The World Around Reveals 2025 Young Climate Prize Recipients

New York–based nonprofit The World Around (TWA) has announced the recipients of its 2025 Young Climate Prize. The award shines a light on designers and activists tackling pressing social and environmental problems. Applicants must be under the age of 25—"the generation enduring the brunt of climate change,” explains TWA founder Beatrice Galilee, “but the one who bears the least responsibility for creating it.”
Presented biennially, and first bestowed in 2023, this year’s prize recognizes four winners. Mohamed Salem Mohamed Ali, 23, a resident of Algeria’s Smara refugee camp, established a garden testing new approaches to desert agriculture. He hopes the project will encourage more Sahrawis to cultivate their own crops, helping address the group’s growing food insecurity. Twenty-four-year-old Kenneth Uche from Nigeria has developed a smokeless cooking fuel made from recycled agricultural waste—along with a high-performance stove—offering an affordable and clean-burning cooking technology that does not contribute to deforestation. Also from Nigeria, Amara Nwuneli, 17, is transforming an under-utilized plot of land in Lagos into a hub for climate education, using only repurposed and recycled materials. Lastly, 25-year-old Dayana Blanco Quiroga from Bolivia is adapting indigenous ecological techniques to decontaminate the heavily polluted waters of Uru Uru Lake in the Andes.


Winners Kenneth Uche of Nigeria and Dayana Blanco of Bolivia. Photos © Kenneth Och and Dayana Blanco, courtesy The World Around
The 2025 program, which asked for submission of a video, but did not entail a fee, references, or degree requirements, drew nearly 300 applications from 71 countries. This pool was narrowed to 25 finalists who attended a three-month-long “design academy,” meeting virtually as a group and individually with mentors selected for them from TWA’s global network. The idea, explains Galilee, was to offer support and expertise that would help the candidates develop and accelerate their projects. Among this year’s mentors were Katie Swenson, a senior principal at the non-profit architecture firm, MASS Design Group; Suchi Reddy, founder of architecture and design studio Reddymade, with work that touches on themes that include neuroaesthetics and design justice; and Germane Barnes, whose Studio Barnes investigates the relationship between architecture and identity.

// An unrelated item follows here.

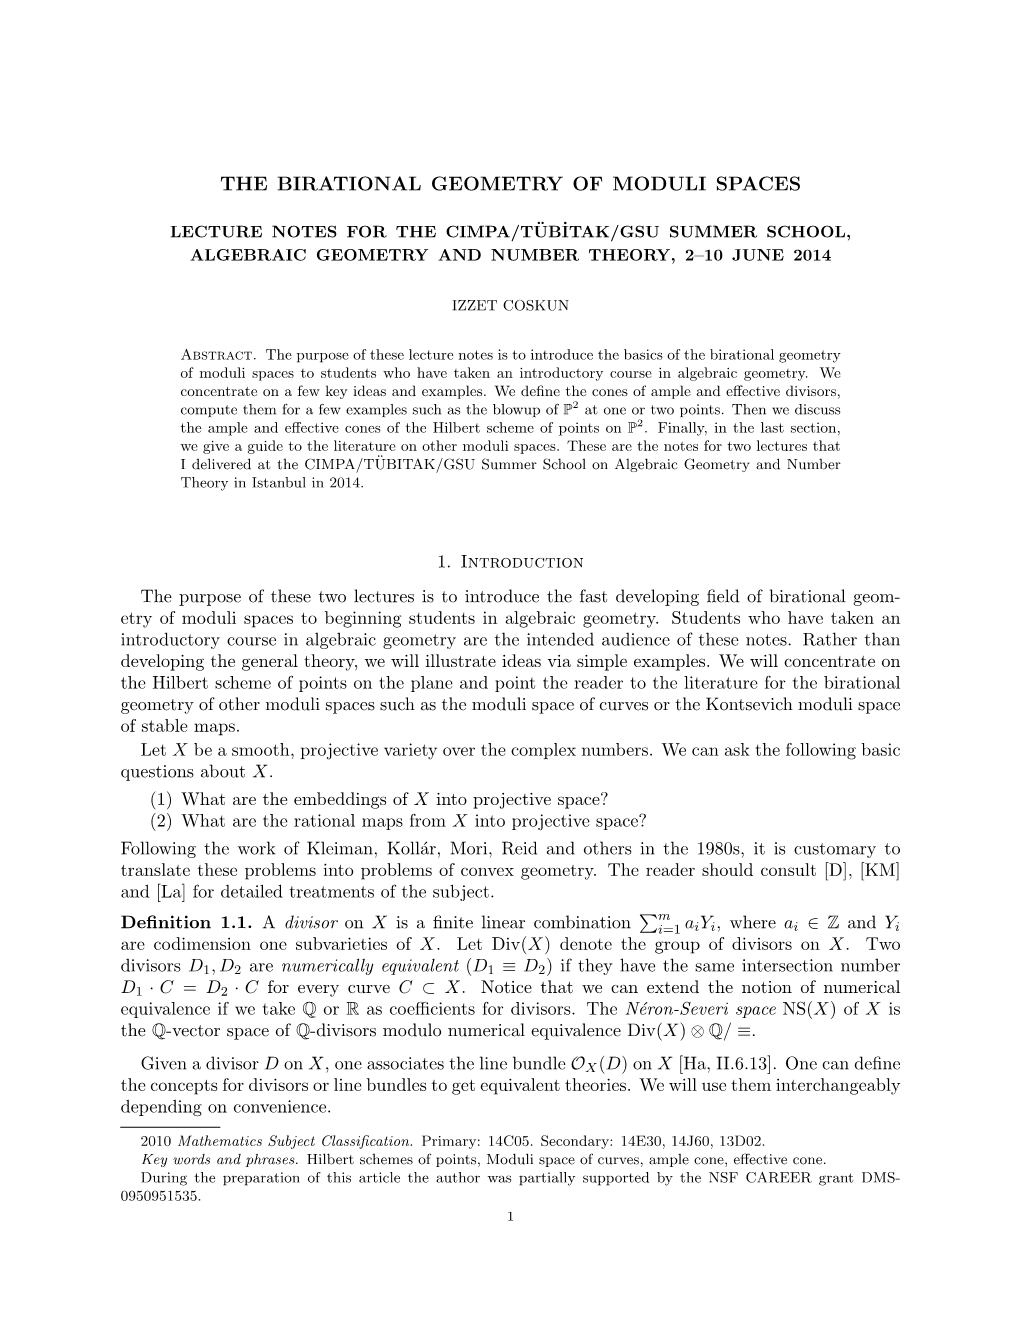 The Birational Geometry of Moduli Spaces

The youngest winner is 17-year-old Amara Nwuneli of Nigeria. Photo © Amara Nwuneli, courtesy The World Around
From this cohort, a jury of leaders in design, architecture, and the arts, selected the four honorees. The 2025 jurors were Sheikha Reem Al-Thani, director of exhibitions at Qatar Museums; Aric Chen, general and artistic director of Rotterdam’s Het Nieuwe Instituut; visual artist Abraham Cruzvillegas; Elizabeth Diller, founding partner of Diller Scofidio + Renfro; Lady Elena Ochoa Foster, vice president of the Norman Foster Foundation; Tosin Oshinowo, curator of the 2023 Sharjah Architecture Triennial; Zöe Ryan, director of the Hammer Museum in Los Angeles; and Ben Watson, chief creative officer at MillerKnoll, a Young Climate Prize partner.

Initiated by Dayana Blanco, Uru Uru Team is a group of Indigenous youth in southwestern Bolivia dedicated to protecting a culturally significant lake ravaged by industrial pollution. Photo © Dayana Blanco, courtesy The World Around
Each of the honorees will officially receive their award, including a $5,000 cash prize, at The World Around Summit, a day-long architecture and design conference to be held April 27, at the Museum of Modern Art in New York.